Astronomers have discovered 39 formerly “invisible” galaxies located in the deepest reaches of space and time. The surprising detection challenges current models of galaxy formation in the early universe, according to a study published on Wednesday in Nature.

These galaxies formed within the first two billion years of the universe’s 13.7-billion year lifespan, and were about as massive as 10 billion of our Suns on average.


“Their masses are a bit smaller than the Milky Way in today’s universe, but they were among the largest/most massive ones of their epoch,” said lead author Tao Wang, an astronomer at the University of Tokyo, in an email.

Eventually, Wang noted, these ancient objects coalesced into the supermassive galaxies observed in the modern universe, which can be five to ten times bigger than the Milky Way.

Despite their impressive scale, the 39 newly-discovered galaxies are so shrouded in gas and dust that they don’t show up in the near-infrared H-band, which is an extreme side of the light spectrum that most telescopes cannot capture.
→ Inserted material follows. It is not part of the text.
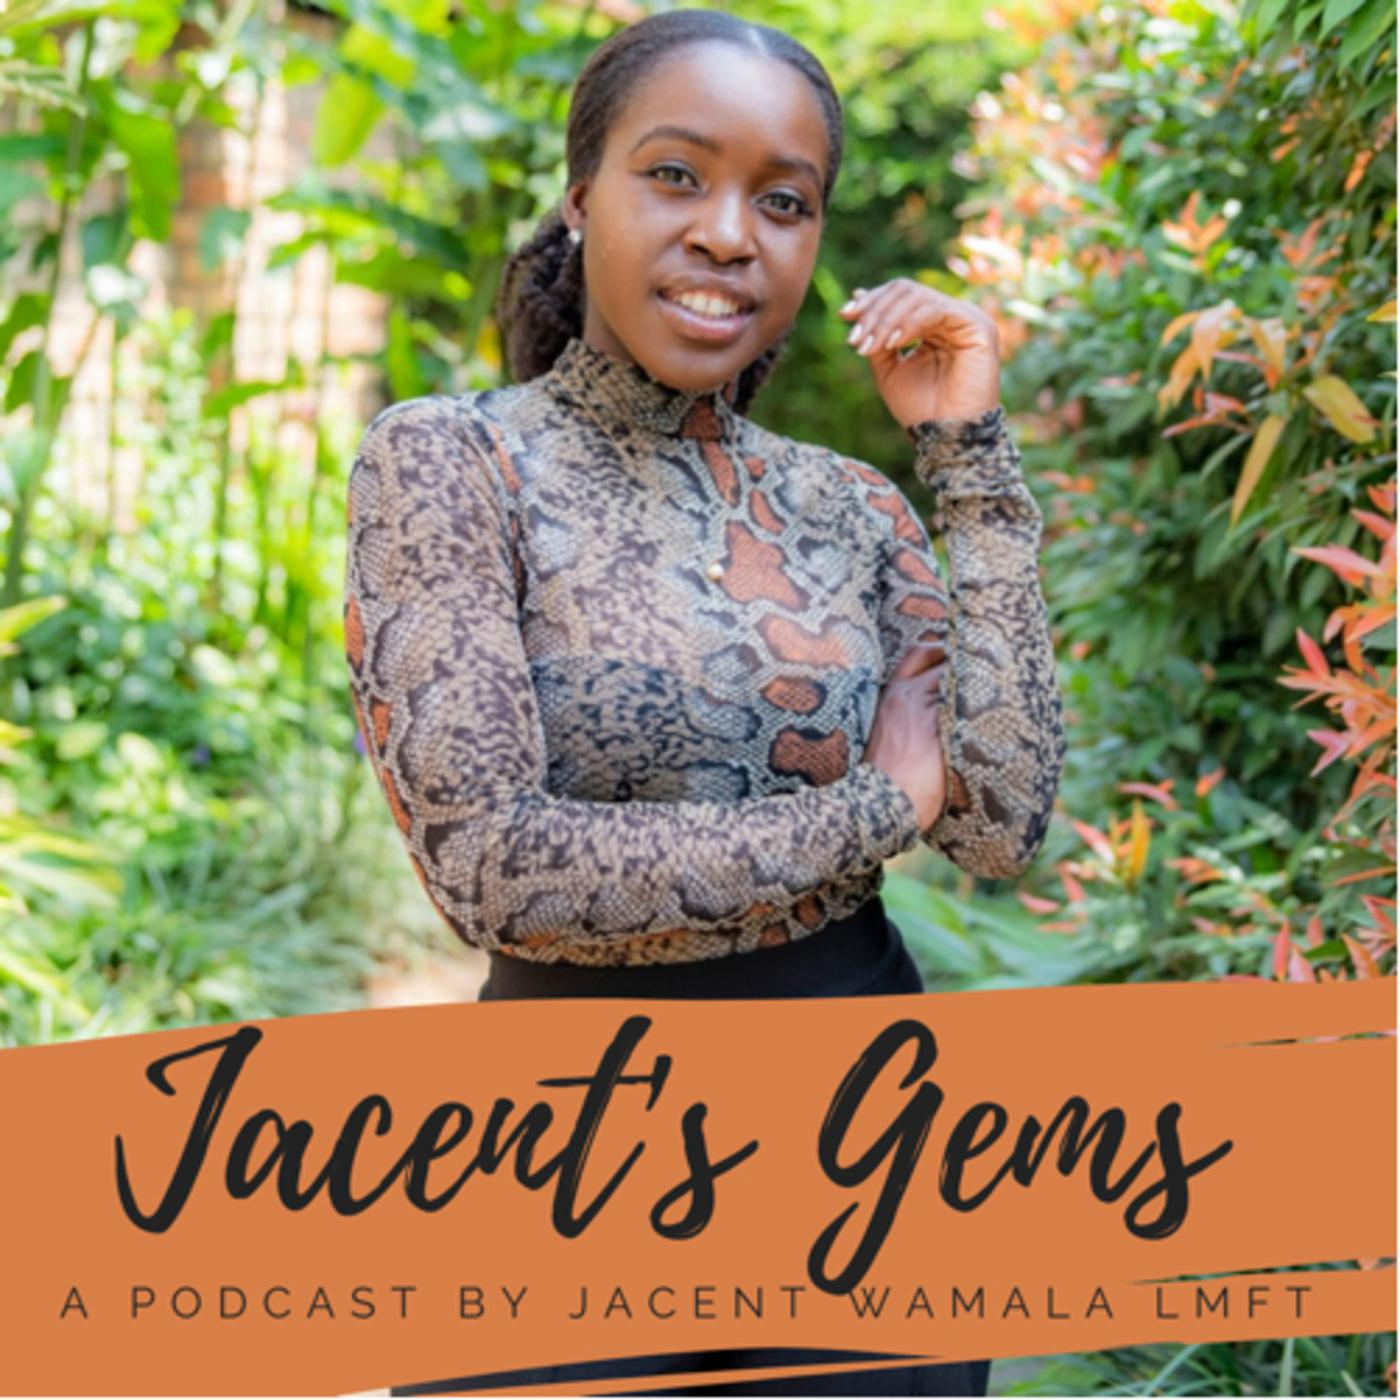 Jacent's Gems (podcast) - Jacent | Listen Notes

For this reason, these galactic elders (dubbed “H-dropouts”) have remained invisible to astronomers—until now.

“This discovery shows that they are indeed there; it is just that they are so dusty that they cannot be seen in visible light,” Wang said.


Comparison of Hubble and ALMA imagery of H-dropouts. Image: 2019 Wang et al

Wang and his colleagues noticed subtle traces of the H-dropouts in infrared imagery obtained by NASA’s Spitzer Space Telescope. Convinced that they might be looking at “optically invisible” galaxies, as the study calls them, the researchers followed up on the data using the Atacama Large Millimeter/submillimeter Array (ALMA).

An array of 66 radio antennas that stretches across 71,000 square feet of high-altitude Chilean desert, ALMA is specifically designed to pick up faint far-infrared light. While the array was able to resolve the H-dropouts in more detail than Spitzer, Wang and his colleagues still double-checked the detections using the Very Large Telescope, also located in Chile’s Atacama Desert.

The results confirmed the existence of these early H-dropout galaxies, which have not been accounted for in most models of the early universe.

“The major discrepancy between our discovery and current popular galaxy formation models is that the observed number of these massive and dusty galaxies is much larger than that found in models/simulations,” Wang said.

Wang and his colleagues also noted that next-generation observatories such as NASA’s James Webb Space Telescope (JWST), due for launch in 2021, will enable astronomers to peer even more closely at these mysterious structures.

“With JWST we could do spectroscopy in the mid-infrared, which would be key to unveil the properties of stellar populations and chemical abundances of these galaxies,” Wang said. “These observations will be critical to constrain their formation history, which is essential for us to understand the physics involved in their formation.”